When controller is created from NSX, the configuration information is stored inside the NSX Manager. NSX Manager deploys the new controller VM through the vCenter Server.
NSX administrator provides configuration, including IP address pool to the NSX Manager to create a controller. NSX Manager removes an IP address from the pool, and pushes that IP with the rest of the controller configuration as a VM creation request to the vCenter Server. NSX Manager waits for vCenter Server to confirm the status of the request.
The controller creation process was successful: If the controller VM is created successfully, vCenter Server starts the controller VM. NSX Manager stores the Managed Object ID (MOID) of the VM with the rest of the controller’s configuration information. The MOID (or MO-REF) is a unique identifier that vCenter assigns to every object in its inventory. vCenter Server also use this MOID to track the VM if it remains part of the vCenter Server inventory.
The controller creation process was not successful: If the IP and network connection configurations were incorrect, then NSX Manager might not be able to contact vCenter Server. NSX Manager waits for a preset amount of time to create a single node controller cluster (for the first one) or new controller to join the active cluster. If timer expires, NSX Manager requests vCenter Server to delete the VM. The IP address is returned back to the pool and NSX declares controller creation failure.
How Phantom Controller Gets Created
When NSX Manager requests to delete a controller, vCenter Server finds the controller VM using the MOID for deletion.
However, if any vCenter activities result in removal of the controller VM from the vCenter Server inventory, vCenter removes the MOID from its database. Note that the controller VM can still be alive and active on the NSX Manager even after getting removed from the vCenter inventory. But for the vCenter Server, controller VM no longer exists. Even though vCenter Server has removed the VM from its inventory, the VM may not be deleted. If the VM is still active, then it is still participating or attempting to participate in the NSX controller cluster.
Following are the most common example of how phantom controller gets created:
The vCenter Server administrator removes the host that contains the controller VM from the inventory. Later adds the host back. When the host is removed, vCenter Server delete all the MOIDs associated with the host and the VMs within it. When the host is added back later, vCenter Server assigns brand new MOID to the host and the VMs. For the NSX users, the host and VM are still the same, but from the vCenter Server’s perspective, the hosts and VMs are brand new objects. However, for all practical purposes, the hosts and VMs are still the same. The applications that run within the host and VMs do not change.
The vCenter Server administrator deletes the controller VM through vCenter Server or using Host Management. The deletion was not initiated by NSX Manager.

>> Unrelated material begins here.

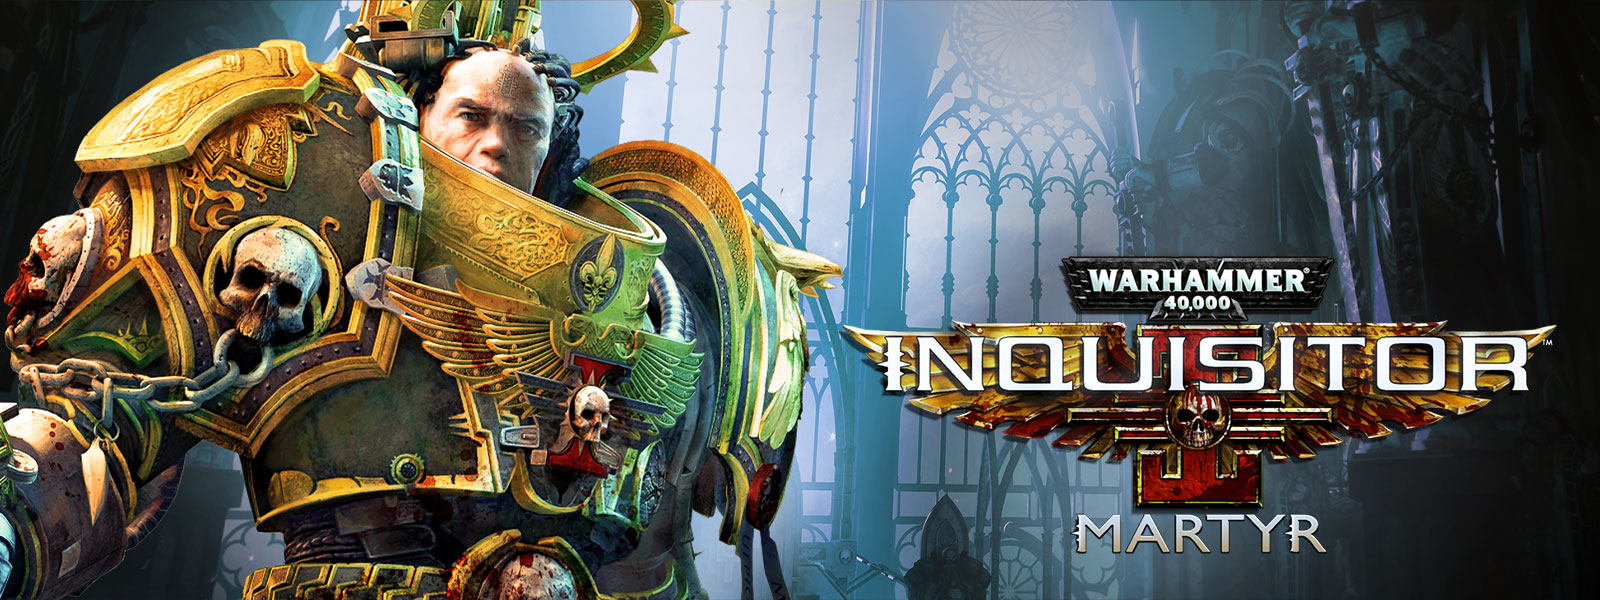 Warhammer 40,000: Inquisitor, Martyr, Inkvizitor stojí v extravagantní katedrále.

Delete in this case also includes any host/storage failures that result in the loss of the VM. In this case, the VM is lost to vCenter Server and also lost to the cluster and NSX Manager. But because the deletion was not initiated by NSX Manager, both NSX Manager and the controller cluster thinks that the controller is still valid. The controller status returned to the NSX Manager indicates that this controller node is down and not part of the cluster and displayed on the UI. NSX Manager also have logs indicating that the controller is no longer reachable.
What to Do When You See Phantom Controller
Synchronize controllers as described in NSX Controller Is Disconnected.
See the log entries. For cases where the controller VM got deleted accidentally or got corrupted, you must use the Forcefully Delete option to clear the entry from the NSX Manager database. For details, refer to Delete an NSX Controller.
After deleting the controller, confirm that:
The controller VM is actually deleted.
The show controller-cluster startup-nodes command shows only valid controllers.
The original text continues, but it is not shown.